Swiss national community survey on functioning after spinal cord injury: Protocol, characteristics of participants and determinants of non-response.

OBJECTIVE

To detail the protocol, recruitment, study population, response, and data quality of the first population-based community survey of the Swiss Spinal Cord Injury (SwiSCI) Cohort Study.

DESIGN

The survey consisted of 3 successive modules administered between September 2011 and March 2013. The first two modules queried demographics, lesion characteristics and key domains of functioning. The third module collected information on psychological personal factors and health behaviour; work integration; or health services and aging.

PARTICIPANTS

Community-dwelling persons with chronic spinal cord injury in Switzerland.

METHODS

Descriptive analyses of the recruitment process, participant characteristics, and correspondence between self-reported and clinical data.

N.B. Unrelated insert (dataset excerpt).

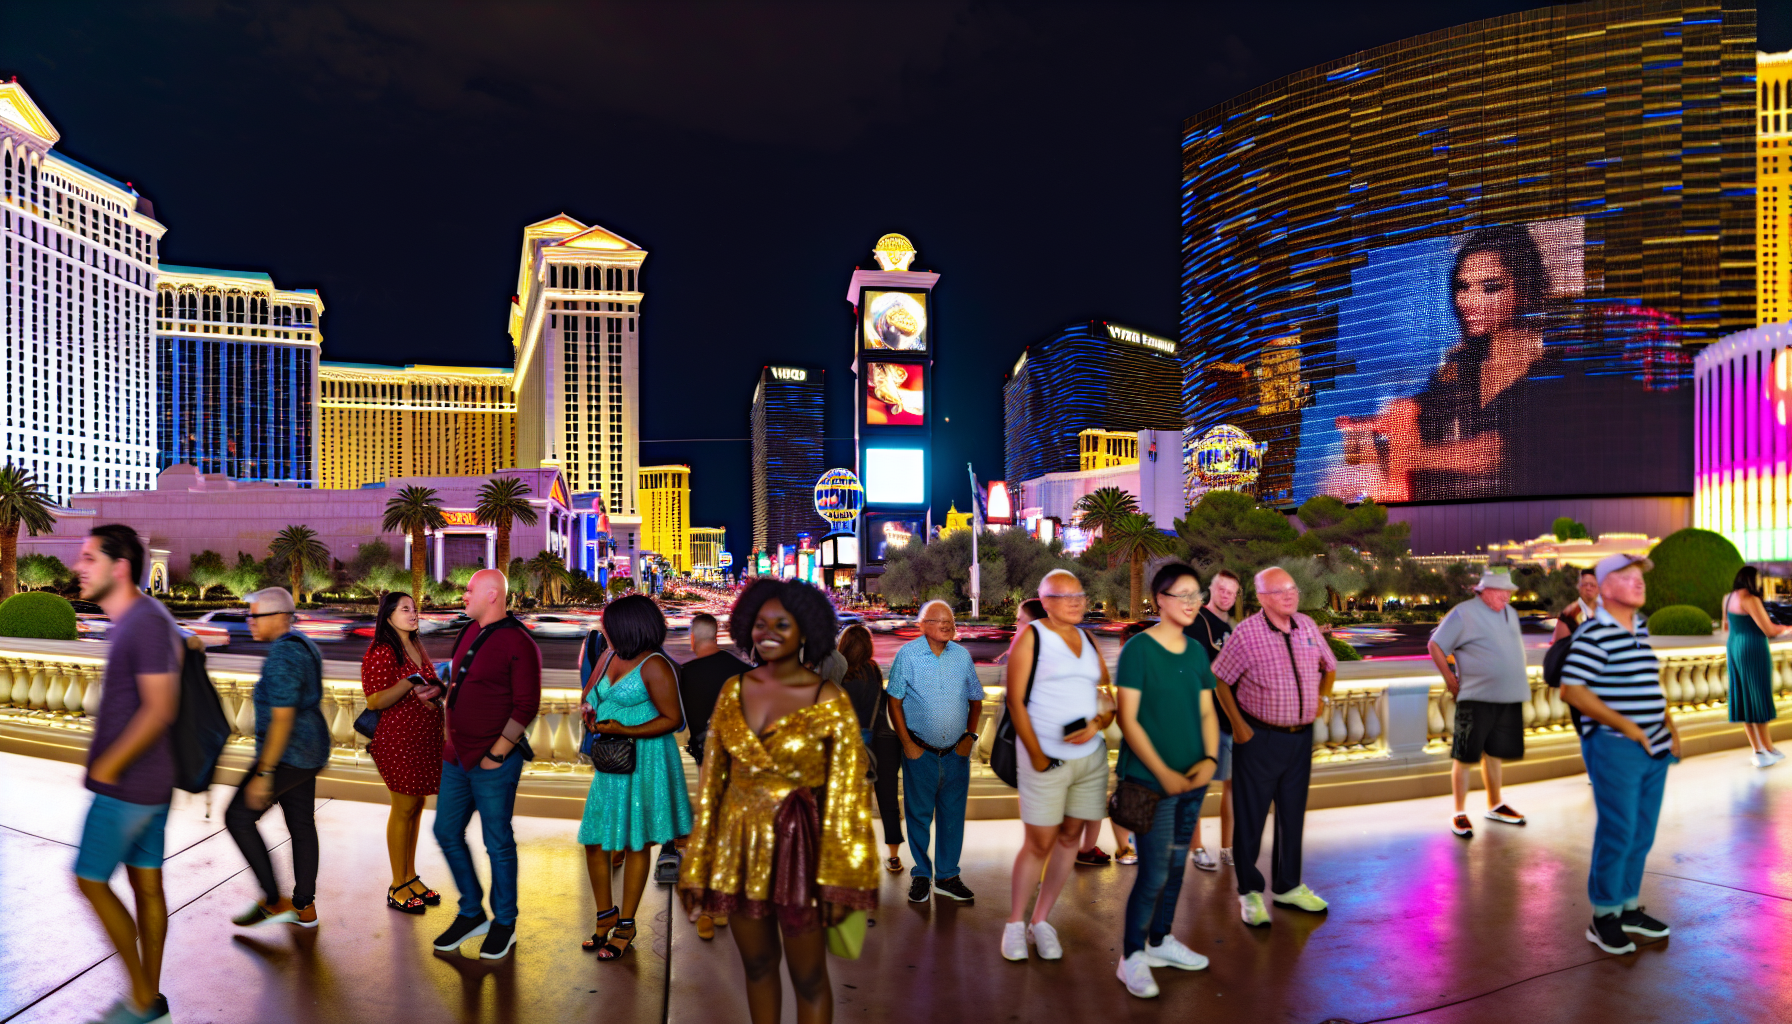 The dazzling lights and iconic landmarks of the Las Vegas Strip

Determinants for participation and the impact of non-response on survey results were assessed.

RESULTS

Out of 3,144 eligible persons 1,549 participated in the first two modules (cumulative response rate 49.3%). Approximately three-quarters of participants were male, with a median age of 53 years, and 78% had traumatic spinal cord injury. Record-linkage with medical records demonstrated substantial agreement with self-reported demographic and lesion characteristics. A minimal non-response bias was found.

CONCLUSIONS

The community survey was effective in recruiting an unbiased sample, thus providing valuable information to study functioning, health maintenance, and quality of life in the Swiss SCI community.